Q2: For challenging tasks, true human feedback does not work better than proxy human feedback. This undermines the necessity of involving humans.

It is true that real human feedback, which includes noise, can not outperform proxy human feedback, which is noise-free. However, this does not undermine the necessity of involving humans in our tasks. We believe the reviewer’s point is based on the assumption that sparse rewards are accessible. However, our work focuses on tasks where sparse rewards do not exist.

First, there might also be a misunderstanding for the reviewer regarding the use of proxy human feedback in our experiments. Tasks without any reward or task metric make it difficult to assess method performance, and conducting real human experiments is time-consuming and not easily scalable. Using proxy human feedback is a standard practice for evaluating preference-based learning methods as It allows for rapid and quantitative comparisons across different methods. In this paper, we use sparse rewards as a proxy for perfect human preferences, but this way is actually not feasible for tasks without sparse rewards. Therefore, real human feedback is necessary in these cases.

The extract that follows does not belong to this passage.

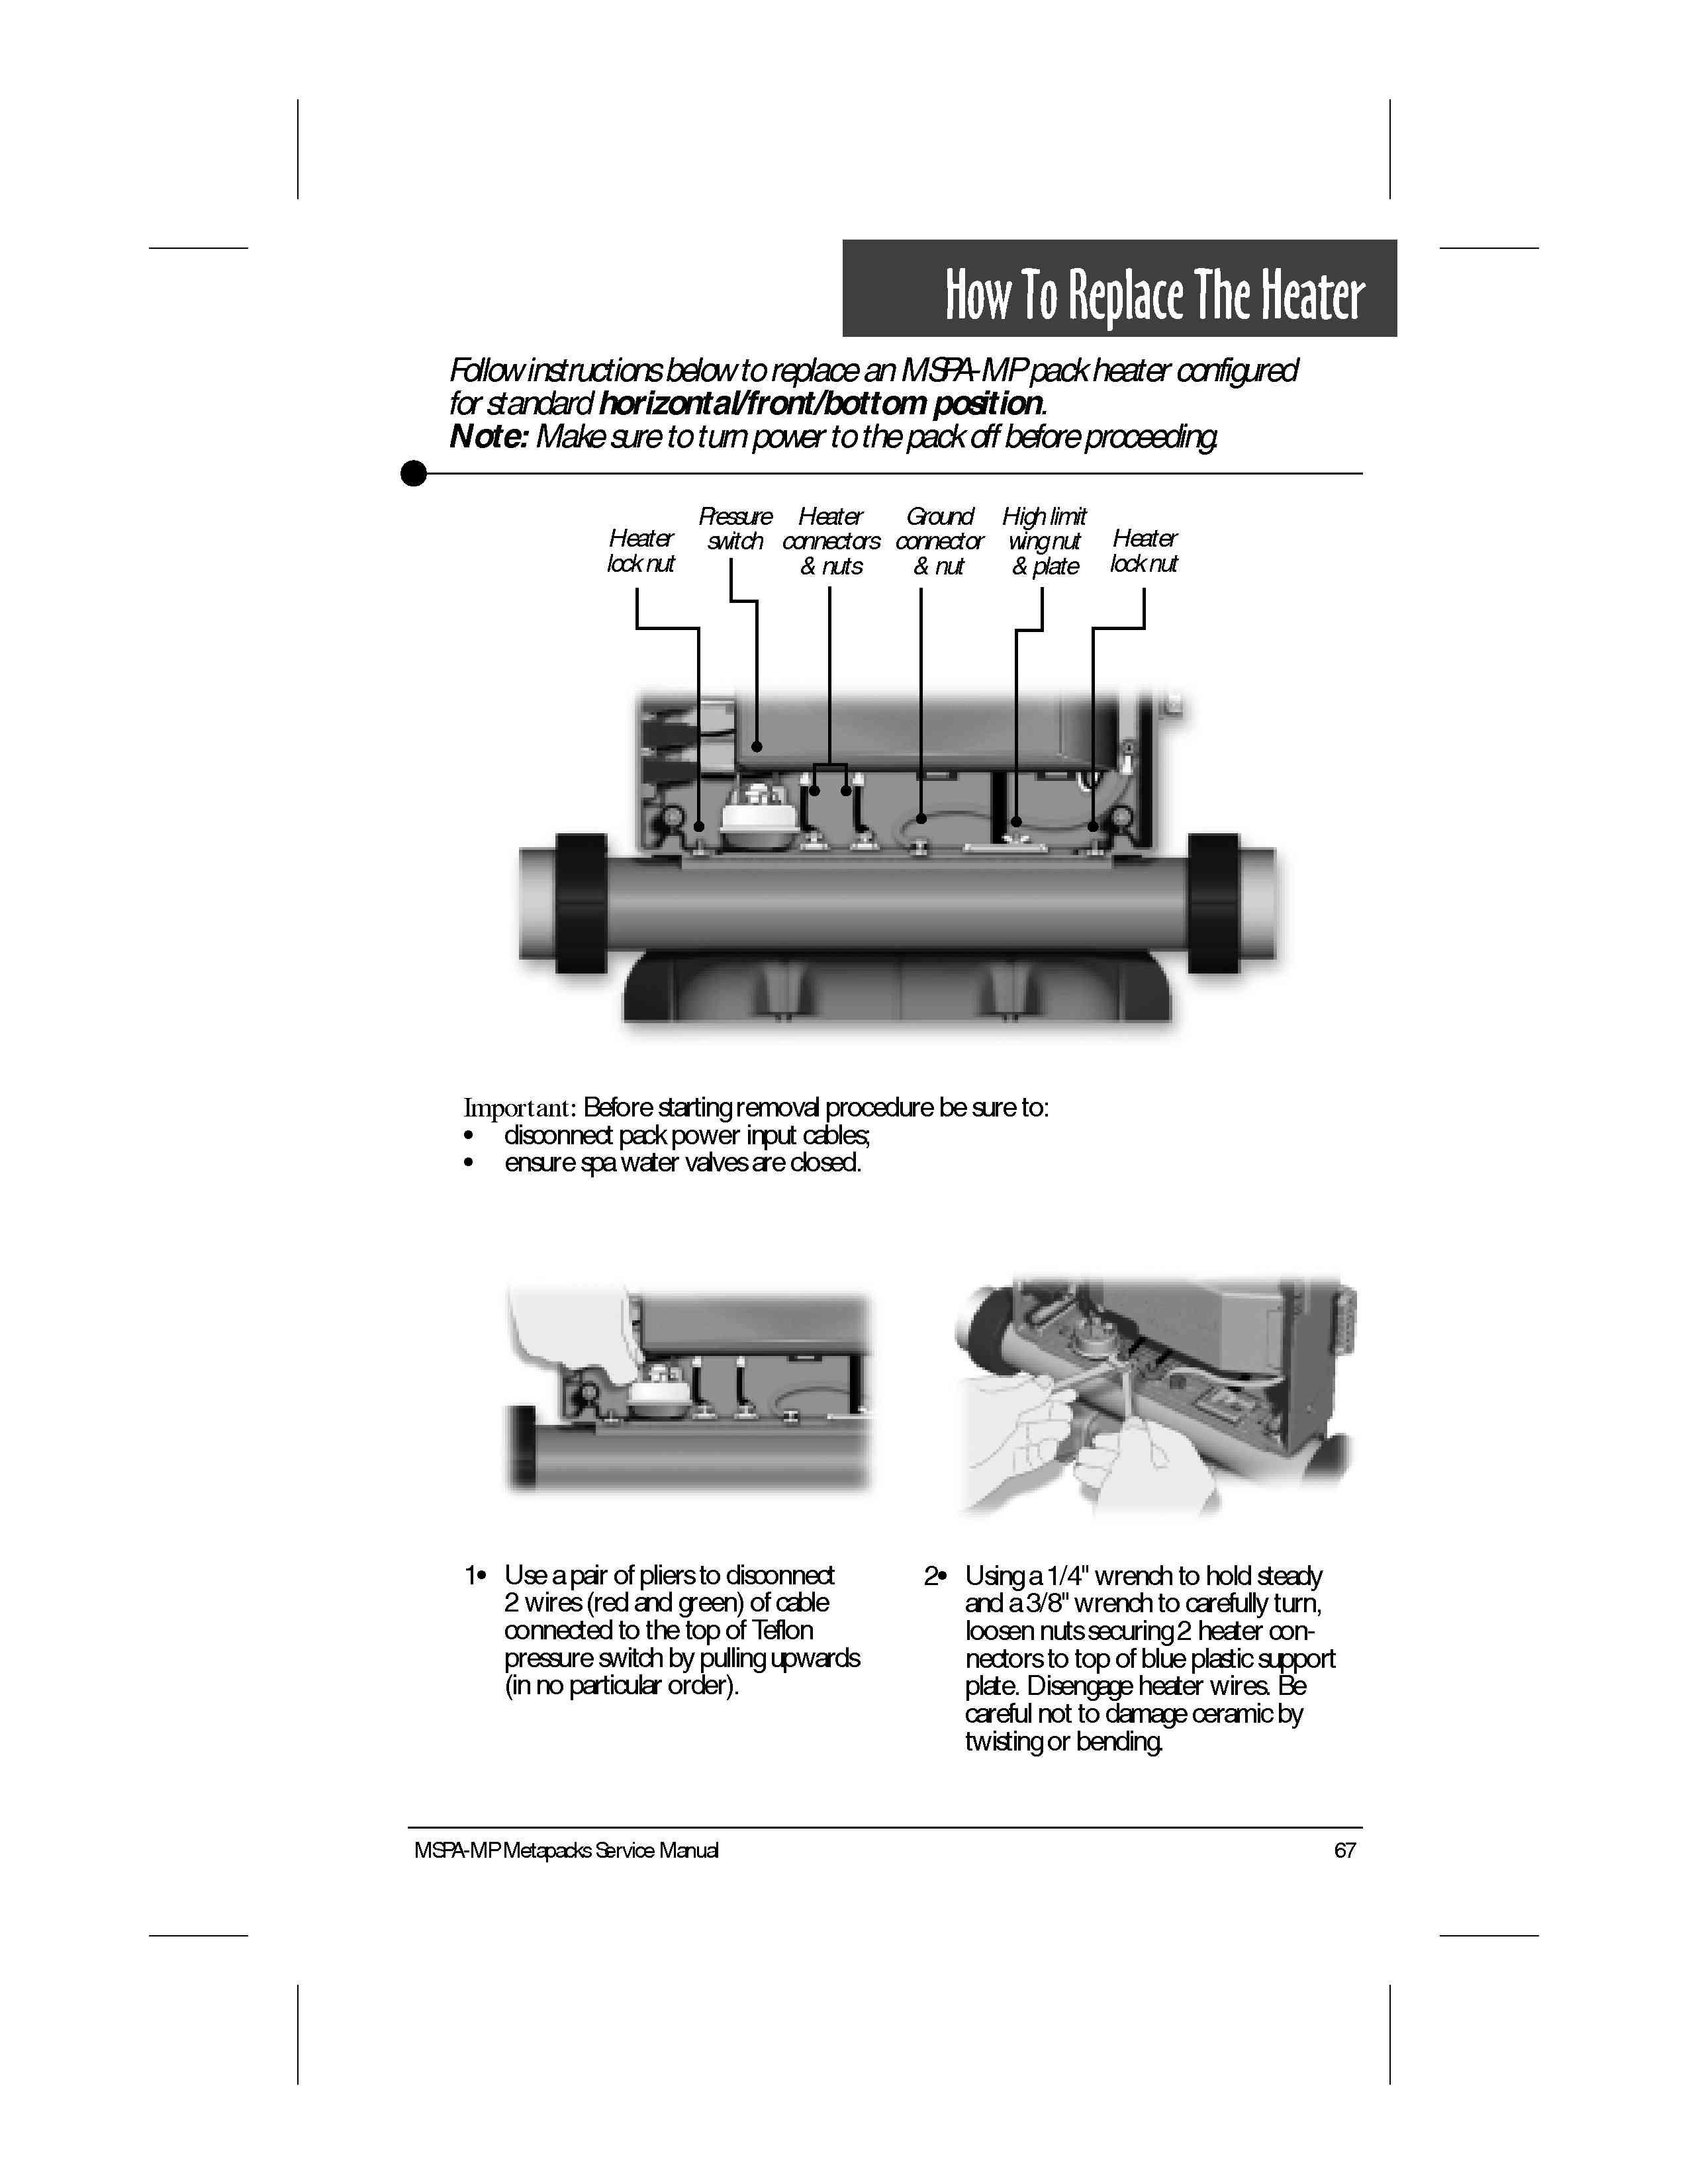 1996 cal spa wiring diagram best wiring diagram image 2018 cal spa ps4  manual 1996 cal

Besides, the proxy human feedback is a simulated perfect human without any noise and may not fully capture the challenges humans may face in providing preferences, we further conduct real human feedback experiments to demonstrate the true effectiveness of our approach. In other words, it is expected that true human feedback doesn’t work better than proxy human feedback, the point we want to show is that our method can still work with true human feedback.

Finally, we want to clarify that our goal is NOT to show that human preference or preference-style signals are inherently better than directly using sparse rewards. Rather, we are addressing tasks that lack sparse rewards by incorporating human feedback to guide the learning process.

Q3: For challenging tasks, like humanoid jump task, ICPL does not have any solid comparisons with other baselines.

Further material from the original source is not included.